The protein sequences of rice and Brachypodium showing best hits to SNP markers mapped within nine genomic regions (excluding Region 1B, T1RS/1BL) were further analyzed for a comparative mapping purpose. Functional predictions of these rice and Brachypodium proteins were obtained from PGSB database (http://pgsb.helmholtz-muenchen.de/plant/index.jsp, verified 7 September 2016) and are listed in Appendix F. Regions 1A.1, 2B, 2D.1, 2D.2, and 7A exhibit indeterminate collinearities with rice and Brachypodium genomes (Table S2). Regions 1A.2, 3A, 5A, and 7B are highly syntenic to rice chromosomes 5 (25.00–26.58 Mb), 1 (33.21–39.69 Mb), 9 (19.87–21.70 Mb), and 6 (3.20–8.33 Mb), respectively, and to Brachypodium chromosomes 2 (16.58–18.01 Mb), 2 (51.46–56.26 Mb), 4 (40.47–42.31 Mb), and 1 (42.12–47.08 Mb), respectively (Figure 4; Table S2).

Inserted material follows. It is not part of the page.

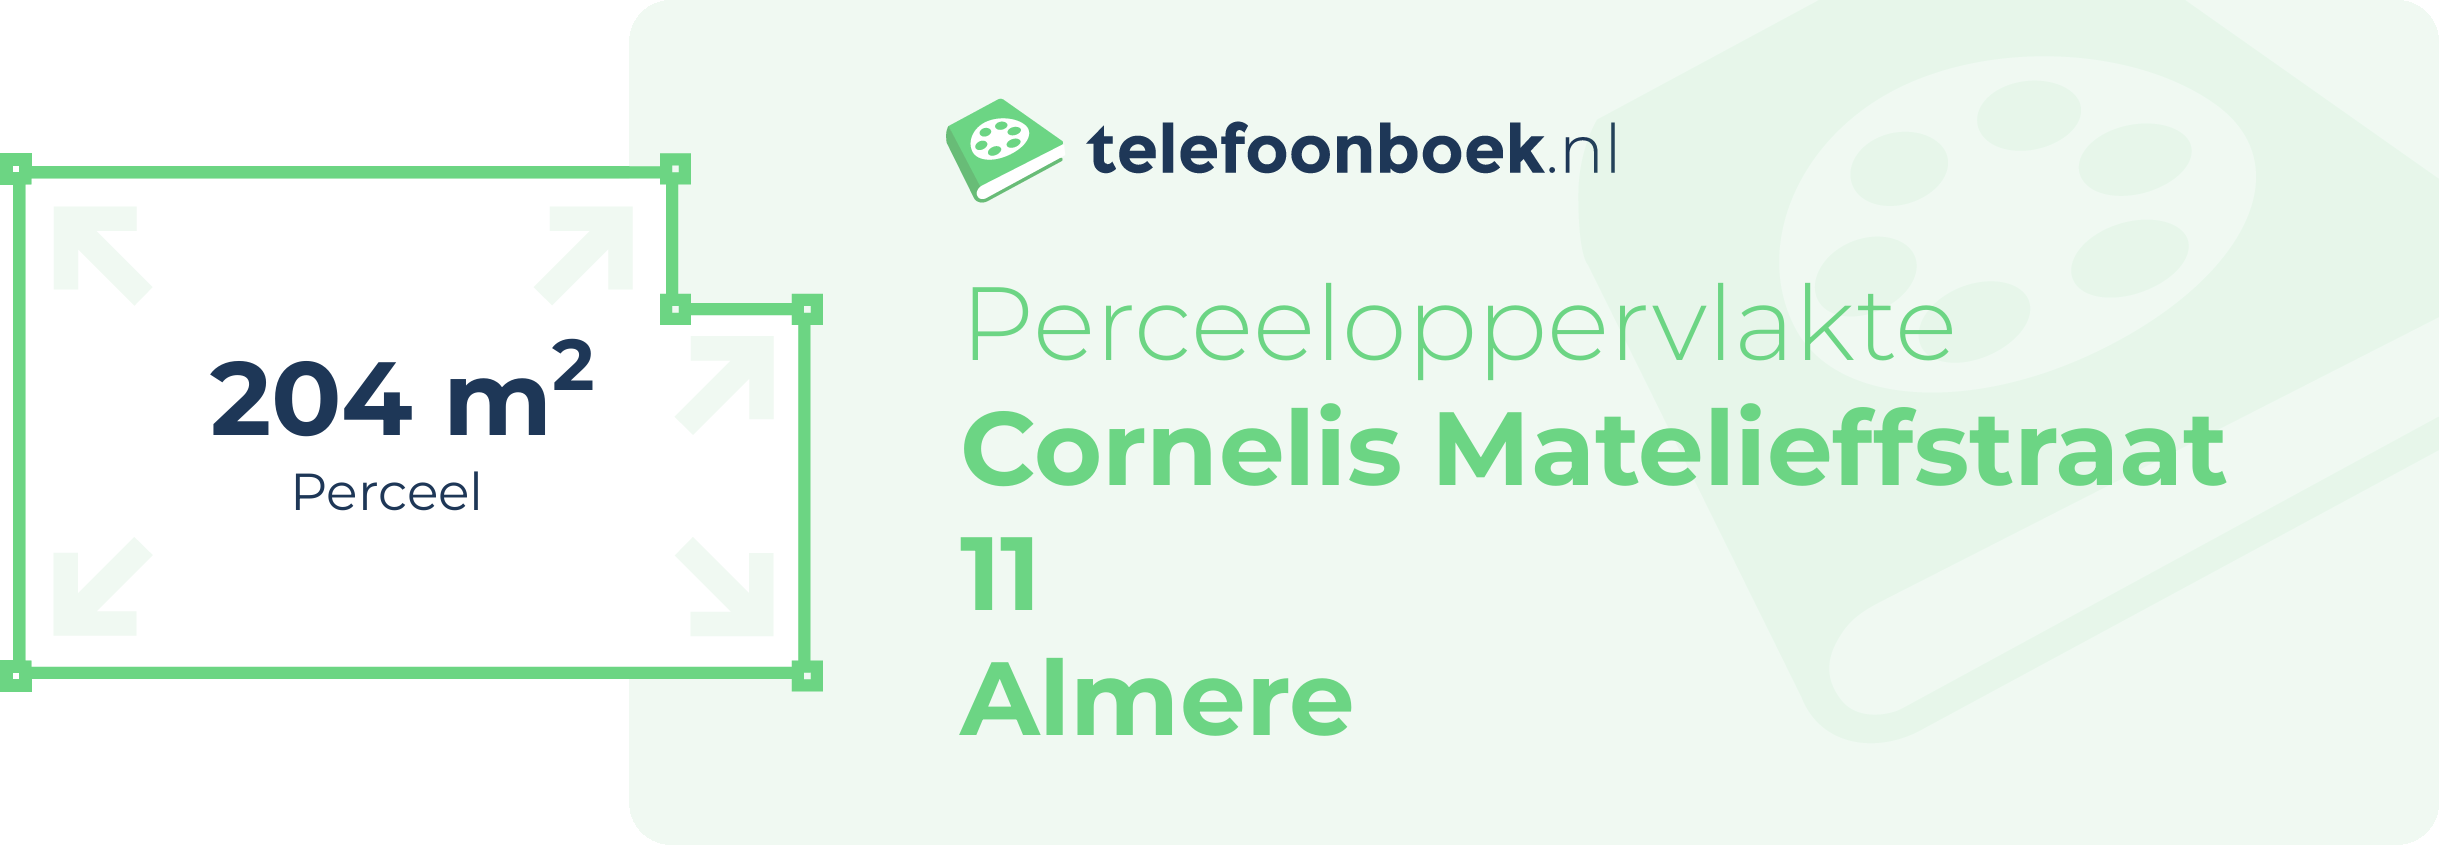 Perceeloppervlakte Cornelis Matelieffstraat 11 Almere

Figure 4. Comparative mapping results of four genomic regions harboring stable QTLs for spike morphological traits. The number in brackets indicates the physical position (Mb) of rice and Brachypodium genes. Blue shadow indicates the range of the targeted genomic region.

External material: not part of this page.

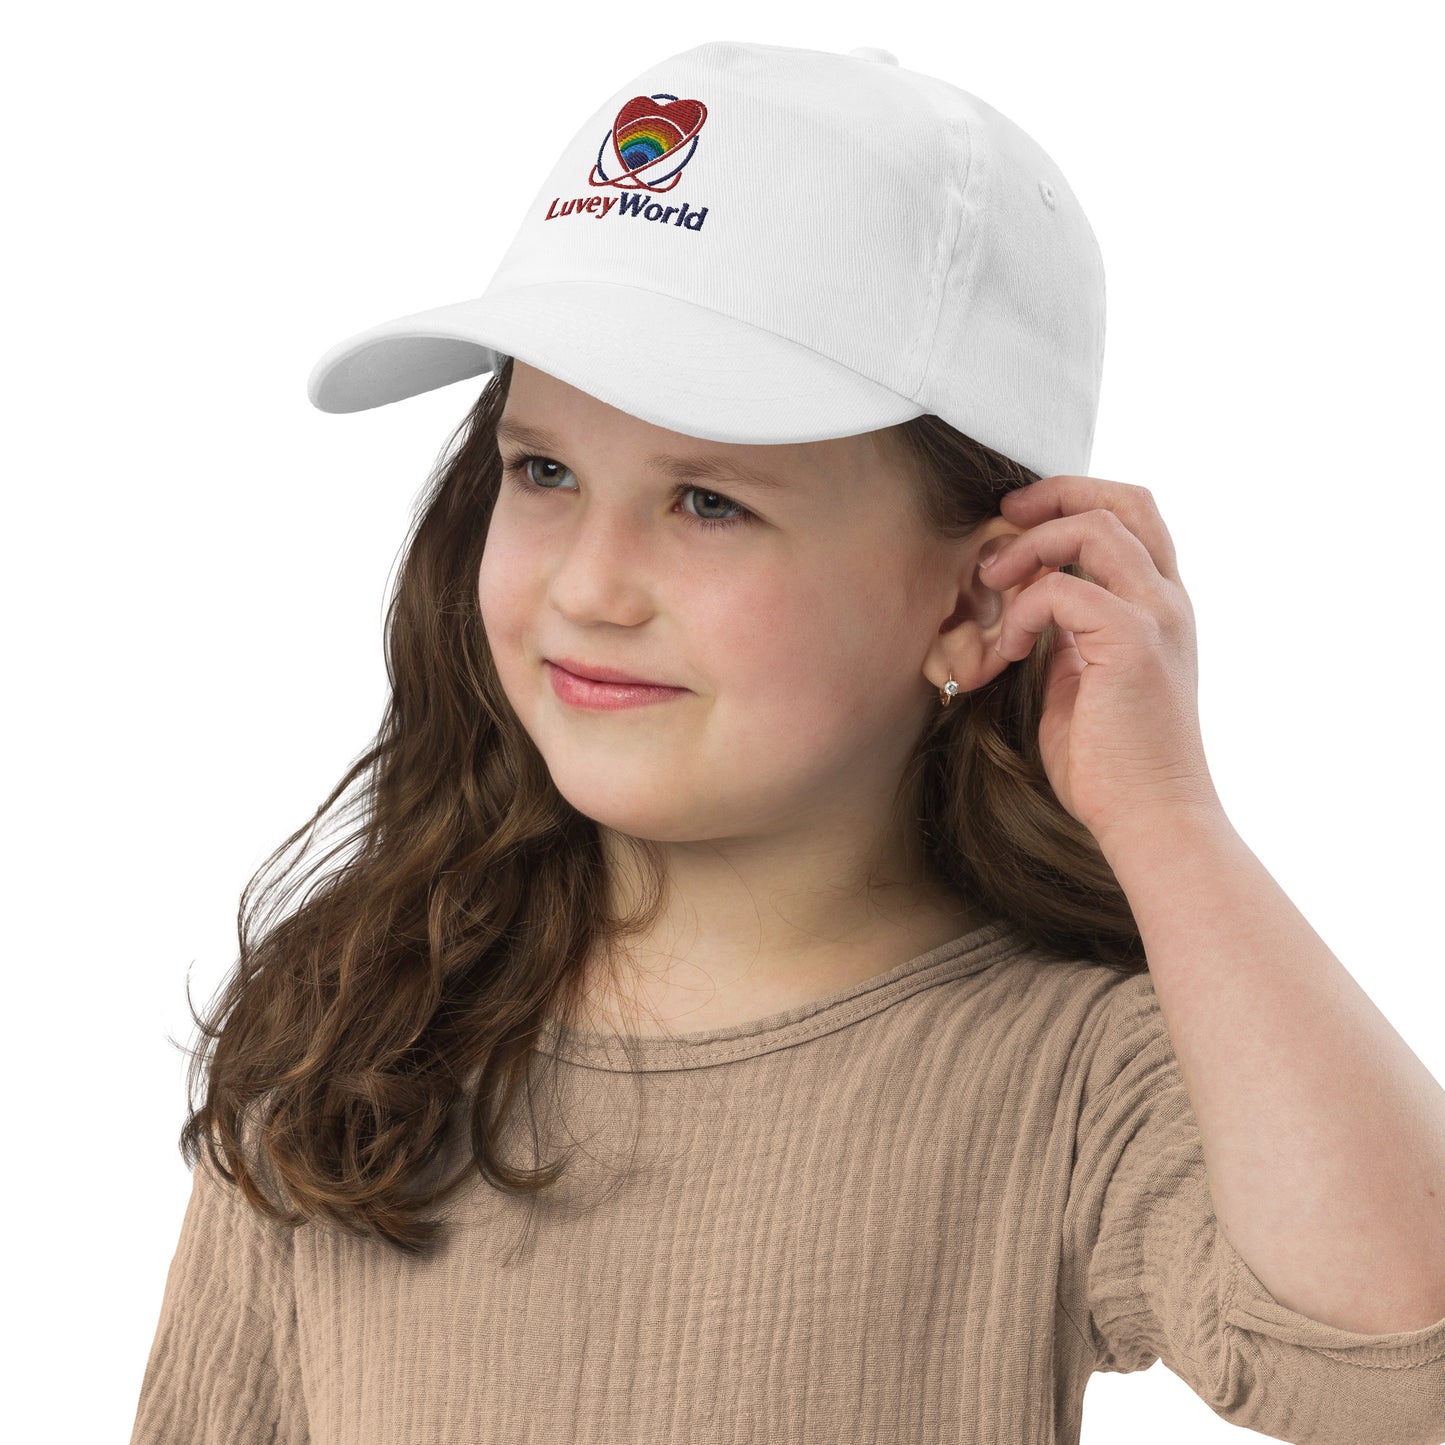 LuveyWorld Kids cap

Validation of the Consequences of 1RS/1BL Translocation and Rht8
The 5.5 cM interval on chromosome 1BS mapped 1031 SNP markers and 13 SSR markers, and hence we deduced that one of the parents might carry the 1RS/1BL translocation. Thus, two 1RS specific markers (pSaD15 and pSc20H; Liu et al., 2008) were used for analysis (Figure S3). The results showed that 75 RILs carried the 1RS/1BL translocation donated by parent Y8679, which exhibited significant (P < 0.05) segregation distortion with approximately 61% J411 alleles. Similar segregation ratios have also been reported in other studies in RIL lines from crosses between 1B and 1RS/1BL parents, suggesting biased transmission against gametes carrying the translocation (Mathews et al., 2008; McIntyre et al., 2010). Adjusted mean (BLUP) values across nine environments were used to determine differences between 1RS/1BL and 1B lines in SL, FSN, SSN, TSN, and SC (Table 5). No significant variation was detected between 1RS/1BL and 1B lines for SC. Compared with 1B lines, the 1RS/1BL lines had higher SL (7.2%), FSN (4.2%), SSN (24.8%), and TSN (5.9%). Consequently, four major and environmentally stable QTLs were detected at the pSaD15 locus, and they had LOD values from 3.33 to 21.17 and explained from 6.74 to 36.69% of the variations for the combined analysis (Figures 3; Figure S4; Appendix D). The 1RS/1BL translocation from Y8679 was associated with increased SL, FSN, SSN, and TSN.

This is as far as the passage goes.